The first oil samples produced from the core were a clear orange colour, contrasting markedly with the black colour of the initial oil (Fig. 3). Subsequently produced oil samples became progressively darker as the experiment continued. The removal of colour in the first-eluted oil samples is a dramatic demonstration of (geo)chromatography in its original sense. Analysis of the core extracts showed that most of the pigmented compounds are removed near the core inlet (Fig. 4); these coloured polar species will be discussed elsewhere. Changes in the bulk composition of the produced oil were small, the resin content, for example, reducing from ca. 15% in the original oil to ca. 10% in the first-eluted oil. This was accompanied by a similarly small increase in saturated hydrocarbons content. By the end of the experiment, the bulk composition and colour of the produced oil samples were similar to those of the original oil.
https://static-content.springer.com/image/art%3A10.1186%2F1467-4866-1-54/MediaObjects/12932_2000_Article_9_Fig3_HTML.jpg
Figure 3

Geochromatography in action! The colour of the eluted oil changes during the experiment; the earliest eluting oils (vials 30–36) are light orange, subsequent samples rapidly becoming darker through the experiment, the final eluted oil (vial 57) being of similar colour to the original oil.

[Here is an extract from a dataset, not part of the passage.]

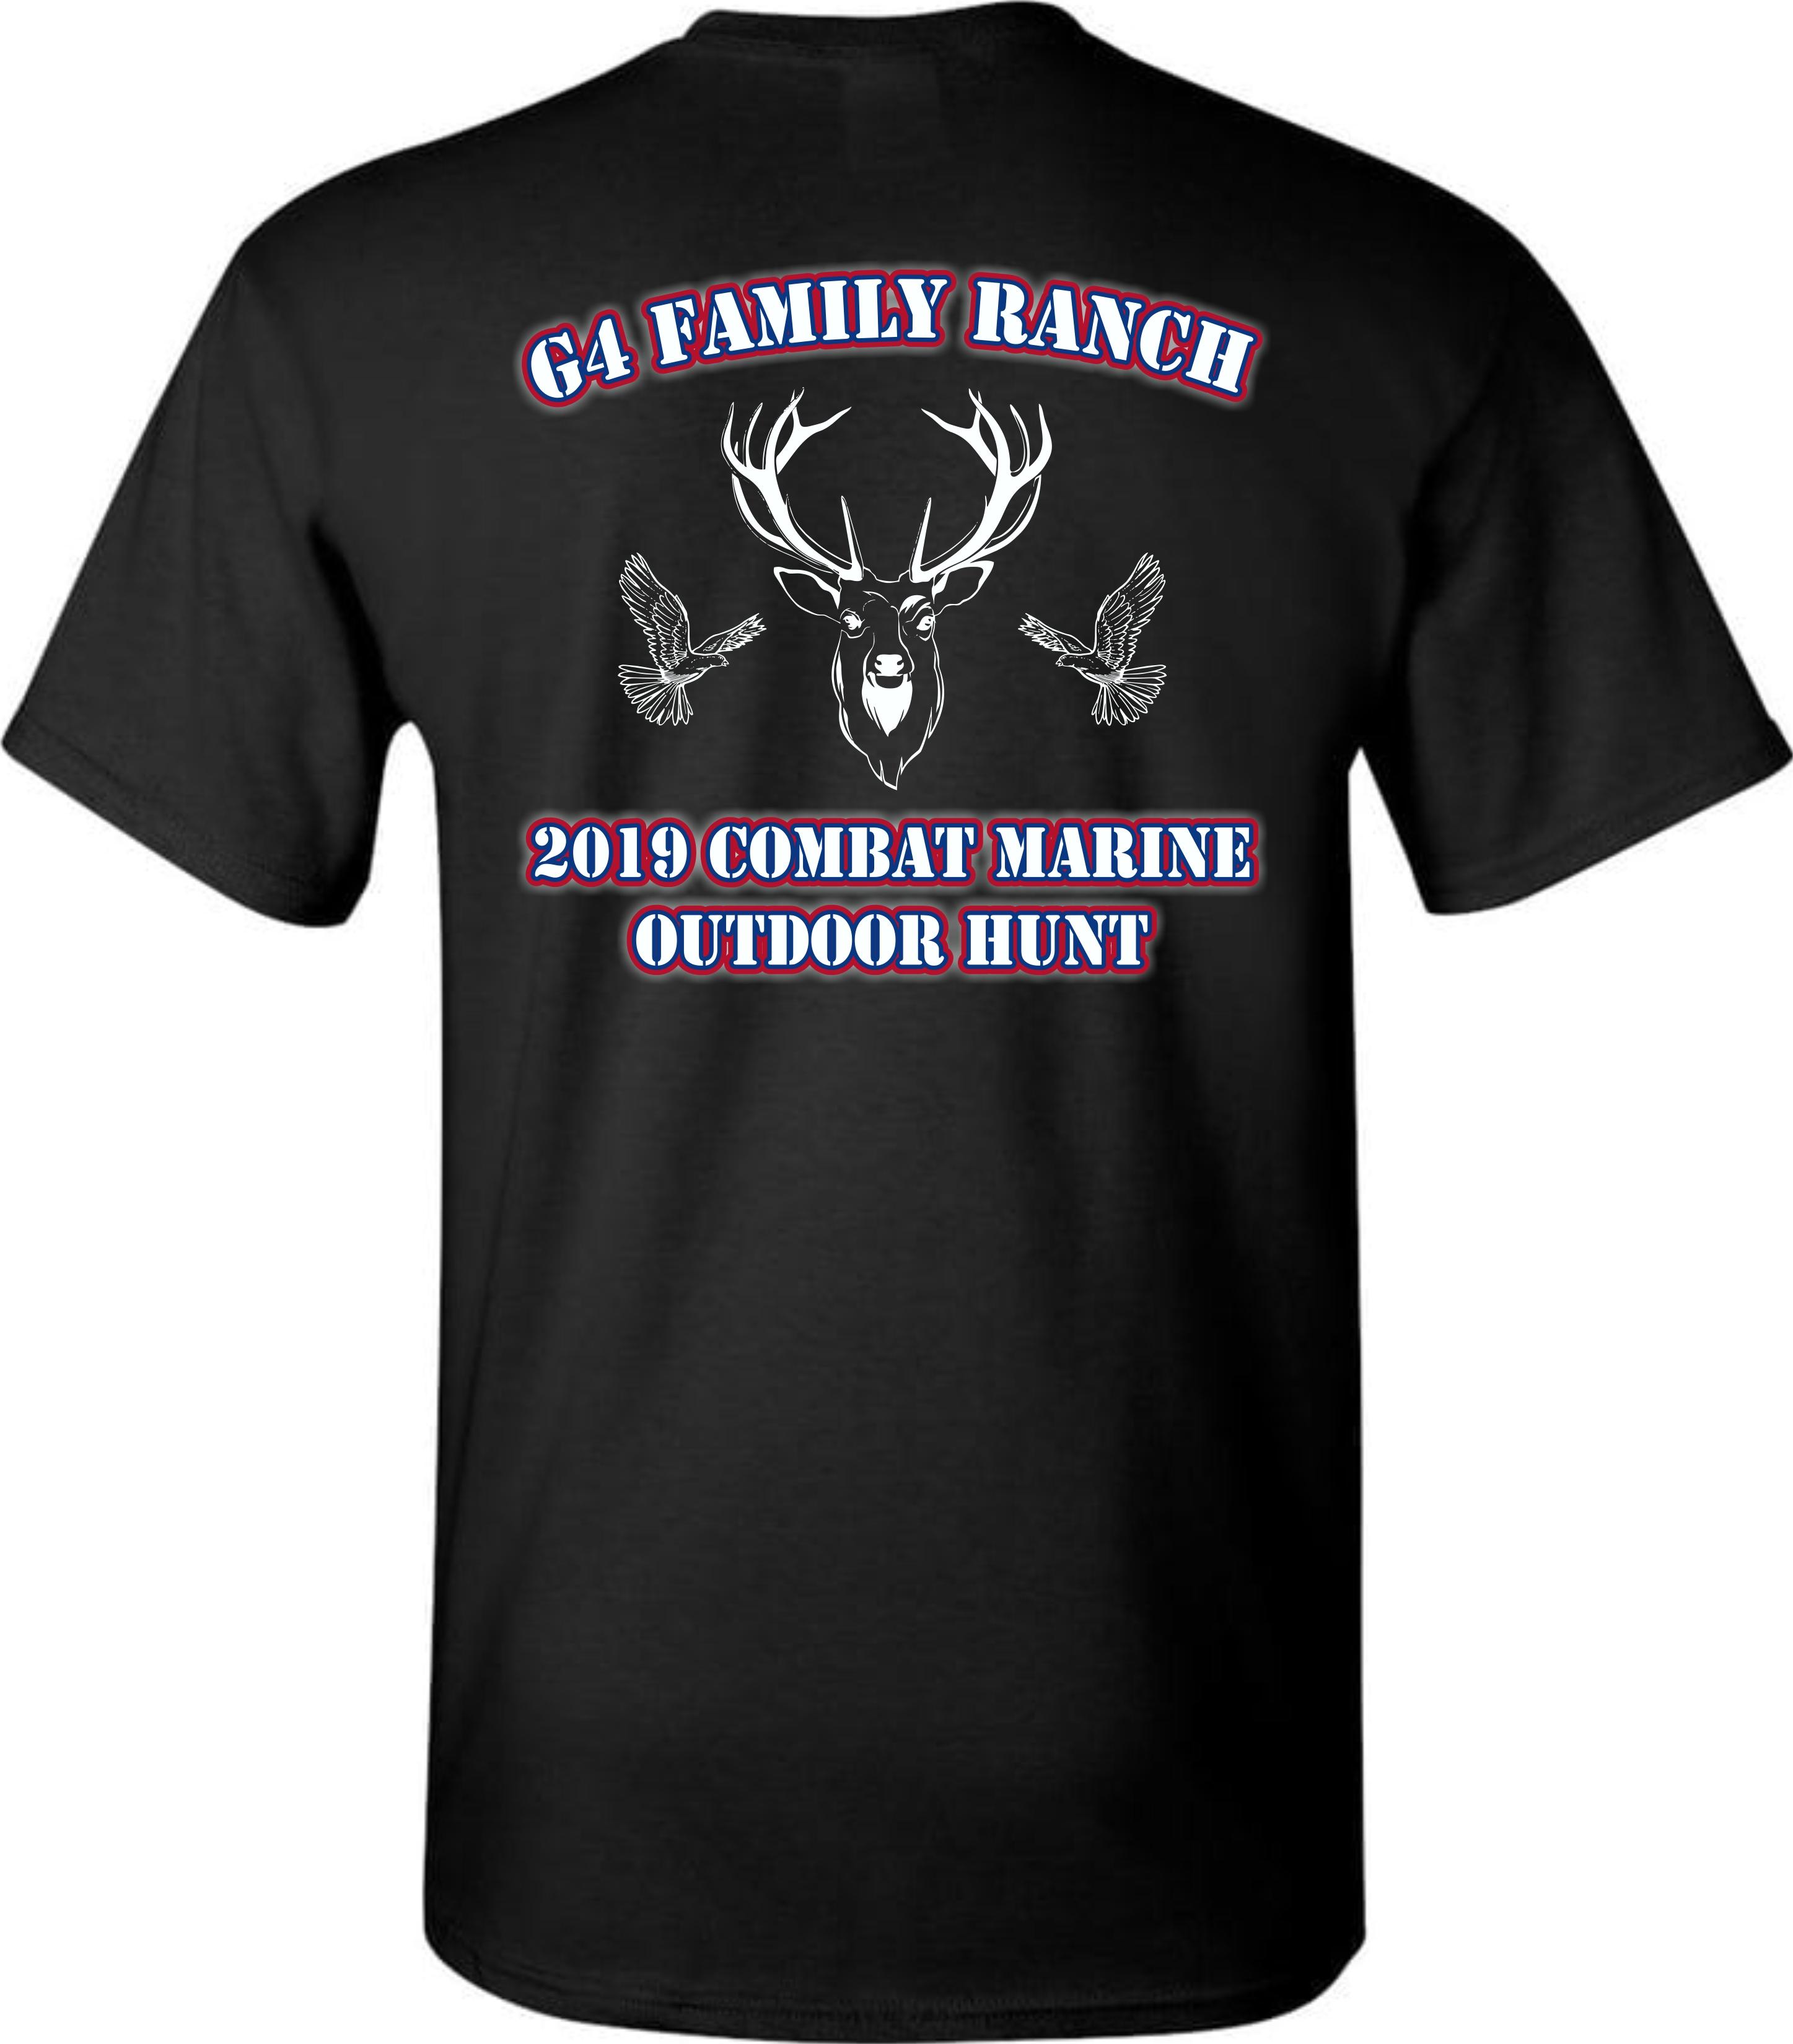 G4 Family Ranch Back art proof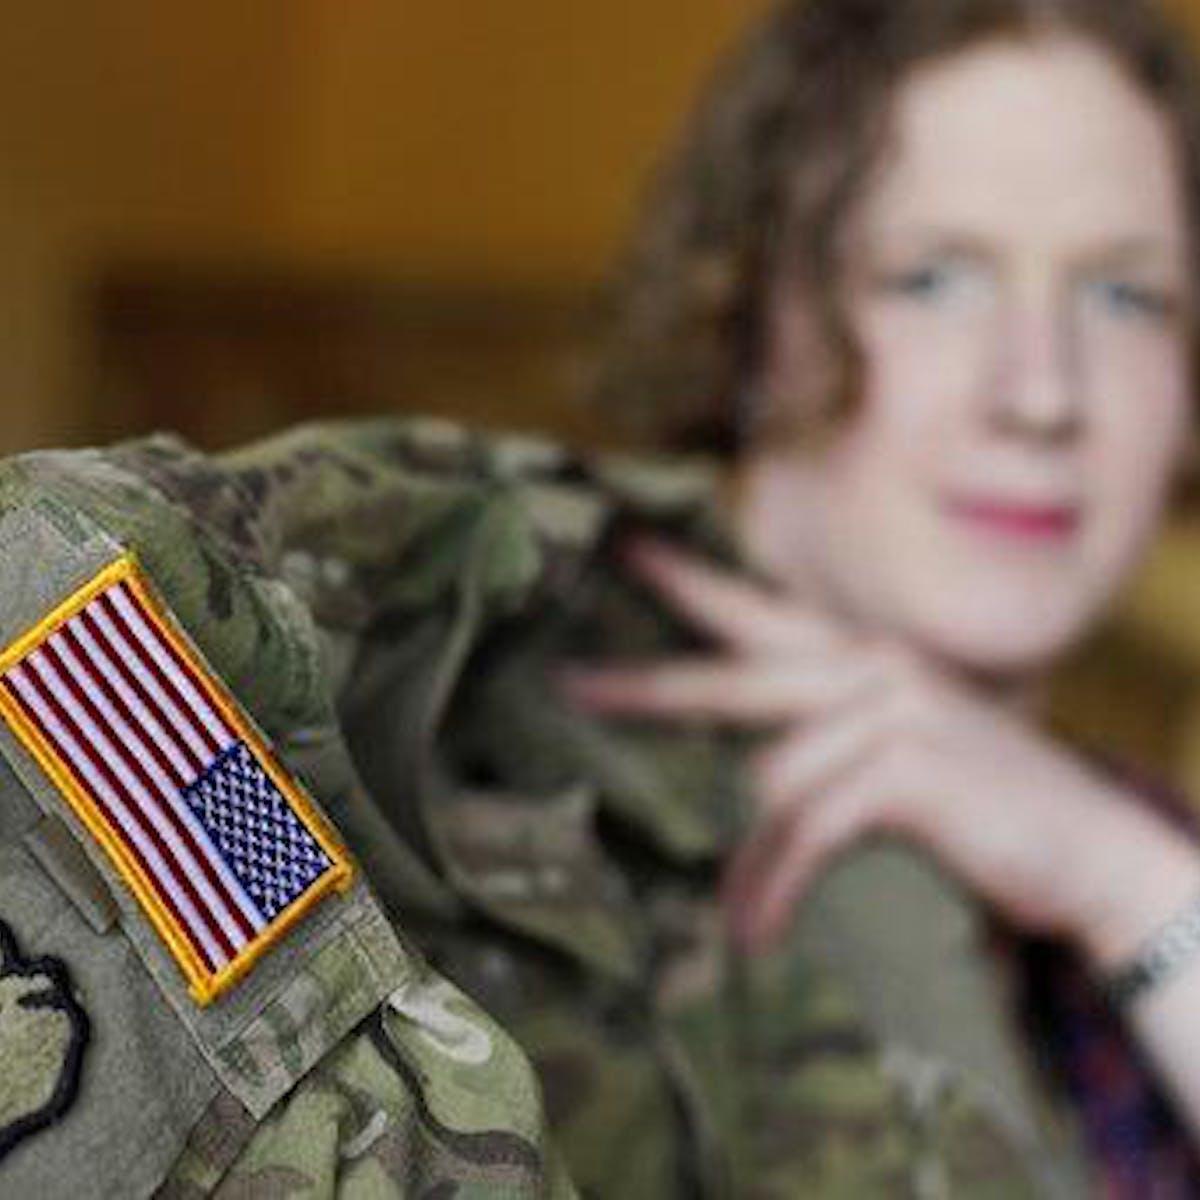 Fit to serve: Data on transgender military service

https://static-content.springer.com/image/art%3A10.1186%2F1467-4866-1-54/MediaObjects/12932_2000_Article_9_Fig4_HTML.jpg
Figure 4

Dichloromethane–methanol (2:1) extracts of 1 cm thick slices along the core show that most coloured material removed from the injected oil has been retained near the inlet.

Fractionation of migration tracers

Comparison of the sterane based "Biomarker migration index" of Siefert and Moldowan[3] (ratio of C29 sterane 5α, 14β, 17β (S + R)/[5α, 14β, 17β (S + R) + 5α, 14α, 17α (S + R)] isomers) and a typical biomarker maturity related ratio (the ratio of the 20S/(20S + 20R) isomers for the regular C29 steranes) in the original and migrated oils showed no statistically detectable variation even with the first produced orange oils. A similar absence of variation accompanied most hydrocarbon biomarker ratios used for facies and maturity assessment.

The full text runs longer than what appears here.